No longer just fun you have after din­ner

China Daily (Hong Kong) - - COVER STORY - By XU LIN

First they did it in the karaoke bars, then they did it in liv­ing rooms and now they’re do­ing it in the bed­room.

In the early 1990s karaoke bars be­gan spring­ing up all over China, and be­fore long for many peo­ple karaoke singing had be­come the post­pran­dial en­ter­tain­ment of choice.

Then, with the help of com­puter pro­grams that can make any­one a karaoke DJ, the venue changed as it be­came pos­si­ble to or­ga­nize karaoke par­ties in the home or sim­ply let you en­ter­tain your­self and at the same time fan­ta­size about be­ing a star.

In the next wave of change, in the era of the in­ter­net — and more lately the app and so­cial net­work­ing of the past four years or so — the soft­ware was adapted to mo­bile de­vices and be­came much more so­phis­ti­cated. Thus a form of leisure that had been en­joyed in public and then to a cer­tain ex­tent had re­treated to the pri­vate realm re­asserted it­self in public thanks to the likes of live stream­ing and the abil­ity to dis­trib­ute mu­sic and en­gage with au­di­ences.

A re­port by the in­ter­net con­sul­tancy Analysys of Bei­jing in June sug­gested that the new lease on life that karaoke has been given can be at least partly at­trib­uted to the huge pop­u­lar­ity of tele­vi­sion tal­ent shows. In fact some of the com­pa­nies that de­velop and dis­trib­ute mo­bile karaoke apps have formed al­liances with the TV pro­duc­ers as they seek to cash in on the pop­u­lar­ity of these shows.

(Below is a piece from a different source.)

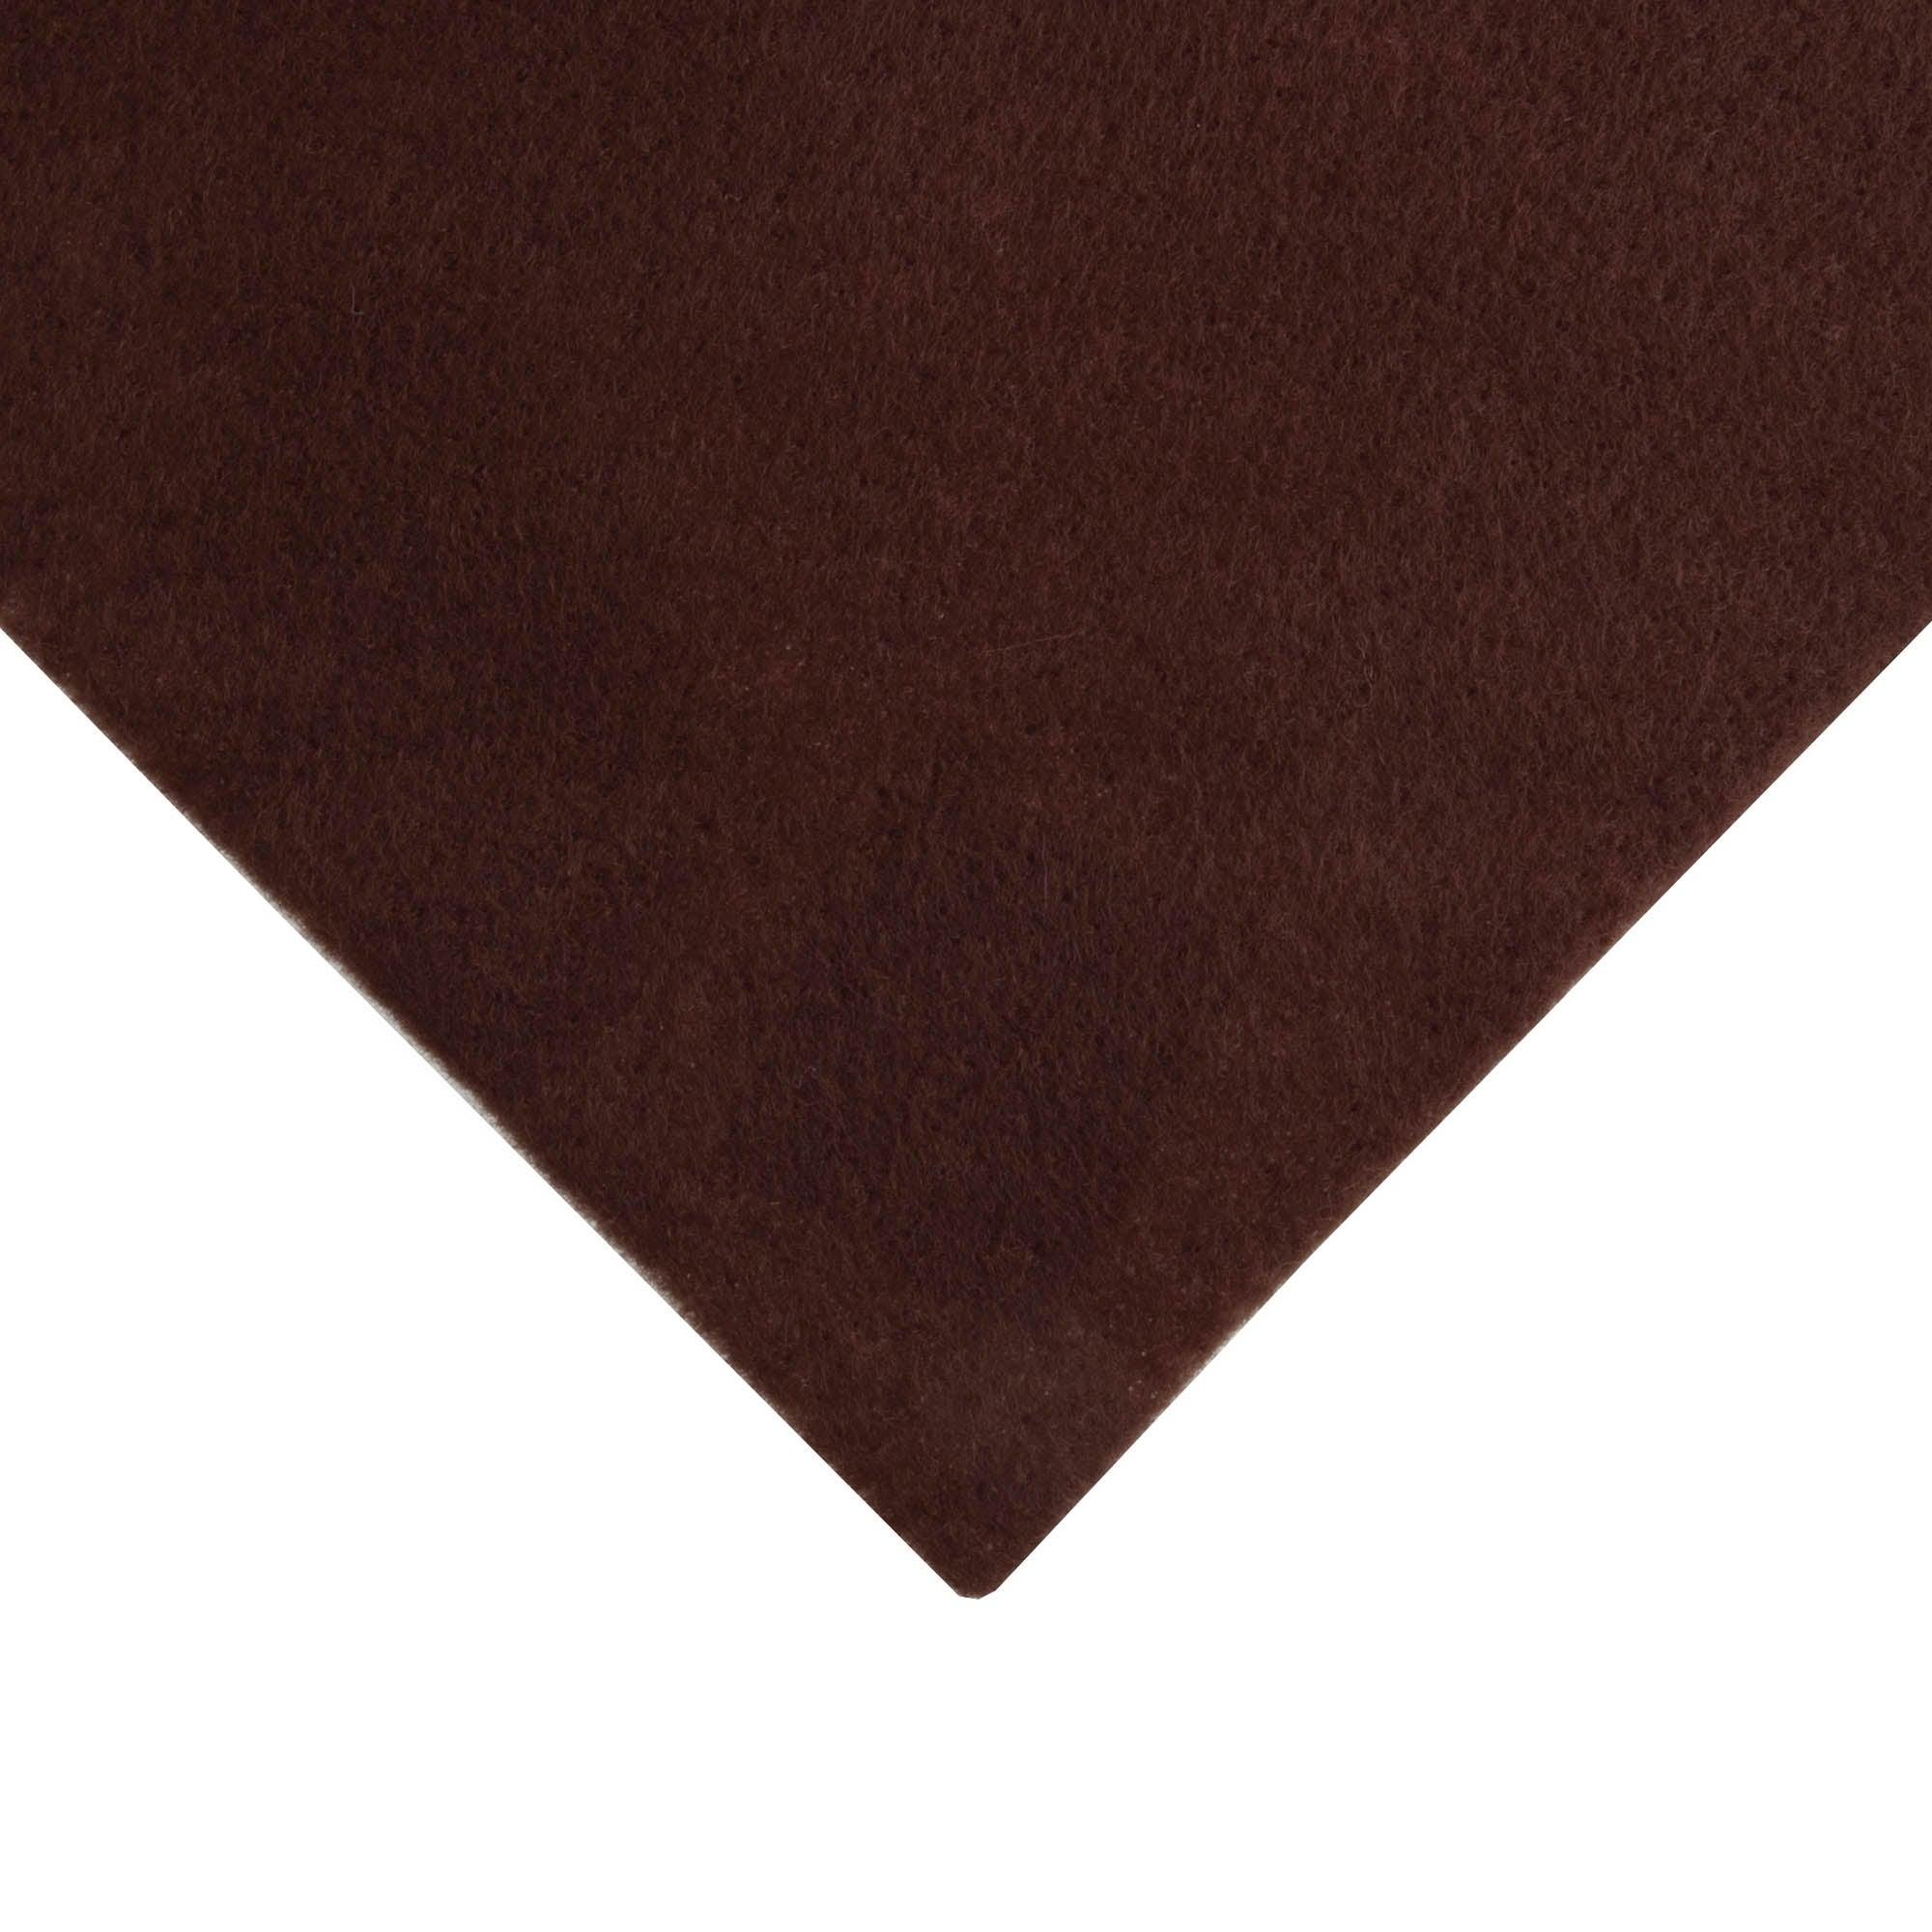 Photo of Minicraft felt roll brown

In the first quar­ter of this year more than 57 mil­lion mo­bile karaoke apps had been in­stalled on de­vices in China, Analysys said, and most users were born in the 1990s.

Many were from provin­cial cap­i­tals, and most were stu­dents, free­lancers or self-em­ployed, and the fe­male users out­num­bered the male users. About 62 per­cent of the users of the app Changba were fe­males, and about 60 per­cent of the users of WeSing were fe­male, Analysys said.

The apps pro­vide a good plat­form for bud­ding in­ter­net celebri­ties to be­come bet­ter known, Analysys said, and once they are well known enough they can take part in the apps’ singing con­tests or re­al­ity shows to be­come even bet­ter known.